O restante da tarde passou como um borrão em um incessante carrossel de visitas de policiais e de profissionais da área da saúde e de ligações recebidas a todo instante.

Ficamos felizes por saber que fisicamente mamãe parecia não ter sofrido nada mais sério que pequenos arranhões e alguns hematomas – que, em um concurso, teriam sem sombra de dúvida perdido para o meu. No aspecto emocional... bem, essa era uma questão diferente. O rosto do meu pai era um retrato da preocupação quando ele nos contou baixinho que poderíamos esperar a visita de um assistente social e do representante de uma instituição destinada a cuidar de pacientes com transtornos mentais nos próximos dias.

– Que boa notícia! – disse Gonzalo, em tom encorajador. – Isso significa que a gente vai poder conseguir mais ajuda para o senhor.

Meu pai retribuiu com um sorriso sem ânimo, ainda parecendo não estar convencido.

Eu permaneci em silêncio, incapaz de ignorar a segunda aparição daquela locução alarmante: "a gente".

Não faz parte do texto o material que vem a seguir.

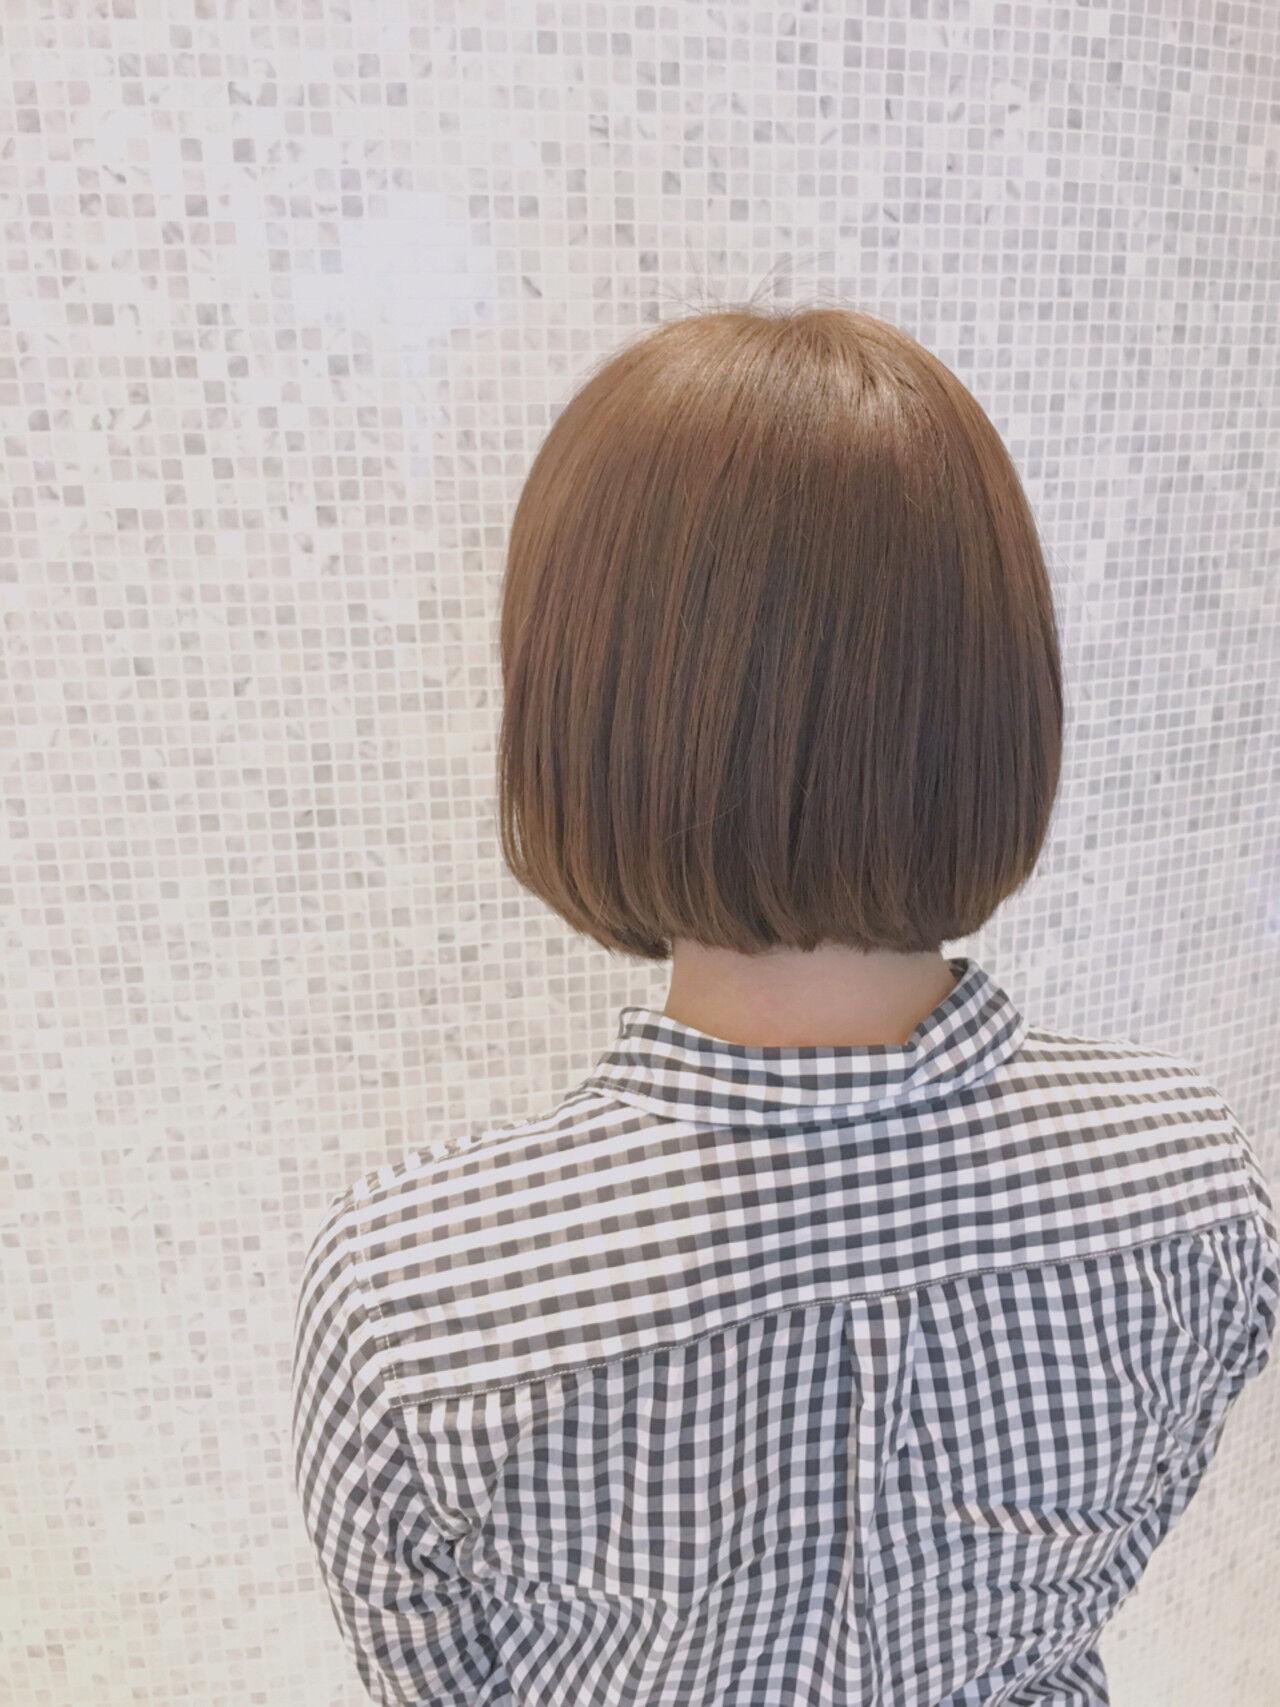 ボブ ベージュ 小顔 アッシュベージュヘアスタイルや髪型の写真・画像
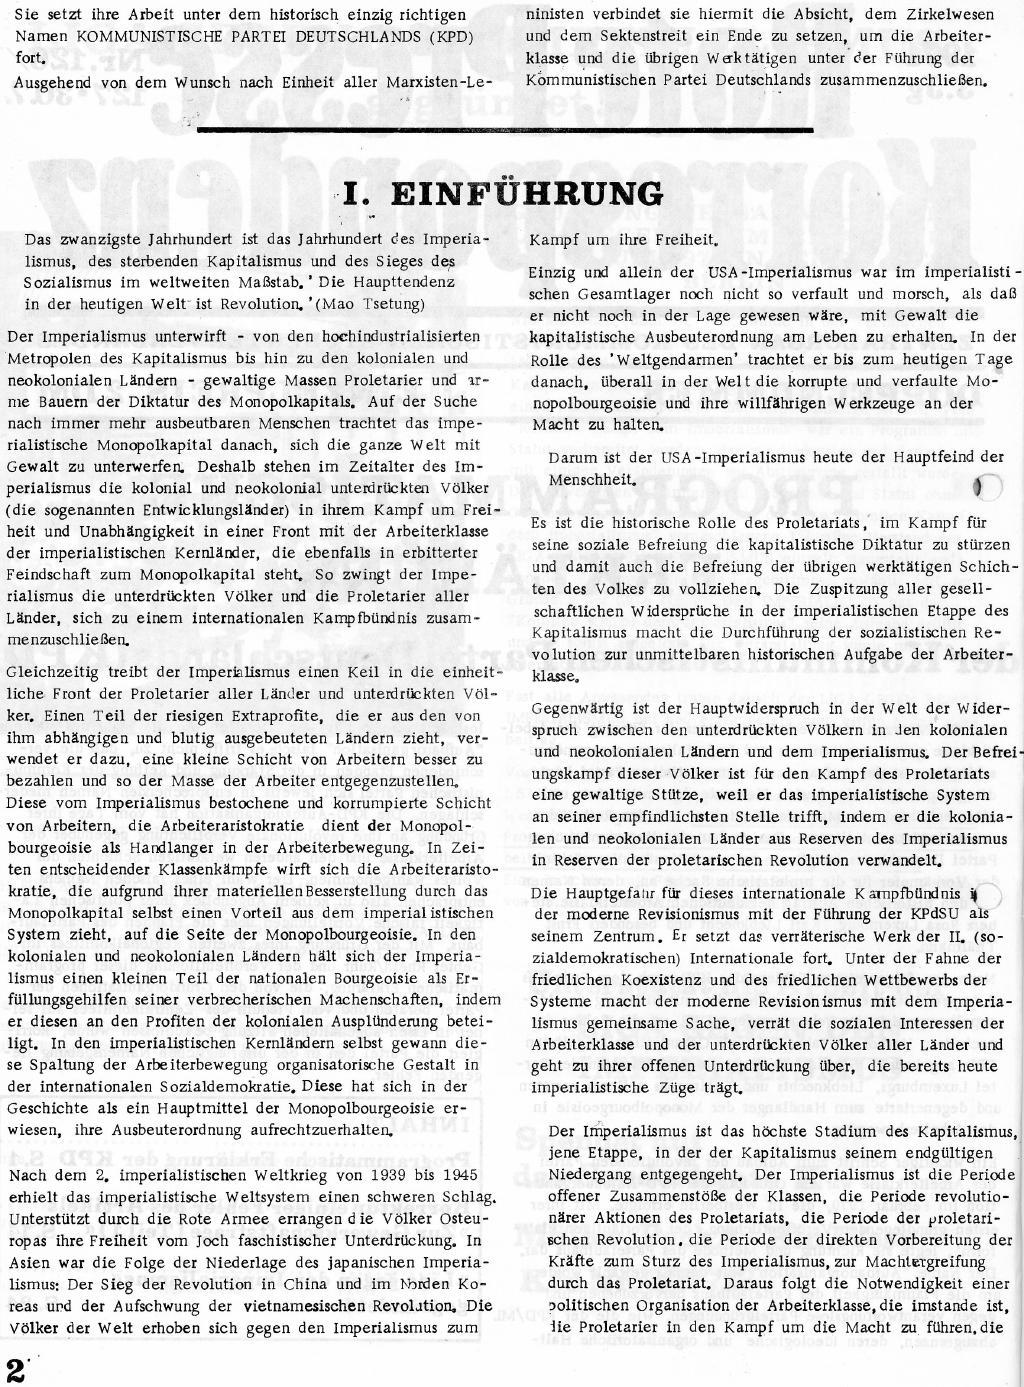 RPK_1971_126_127_02

Mas havia outra coisa que me preocupava ainda mais que a aparente reintegração de Gonzalo na família como membro honorário.

Macarena.

Eu não conseguira falar com ela durante toda a tarde.

Vinha tentando praticamente a cada dez minutos desde que entrara no carro, na volta para casa, e até então a única coisa que eu ouvira ao ligar para seu celular fora a irritante voz metálica na gravação: "Este número está fora da área de cobertura ou desligado."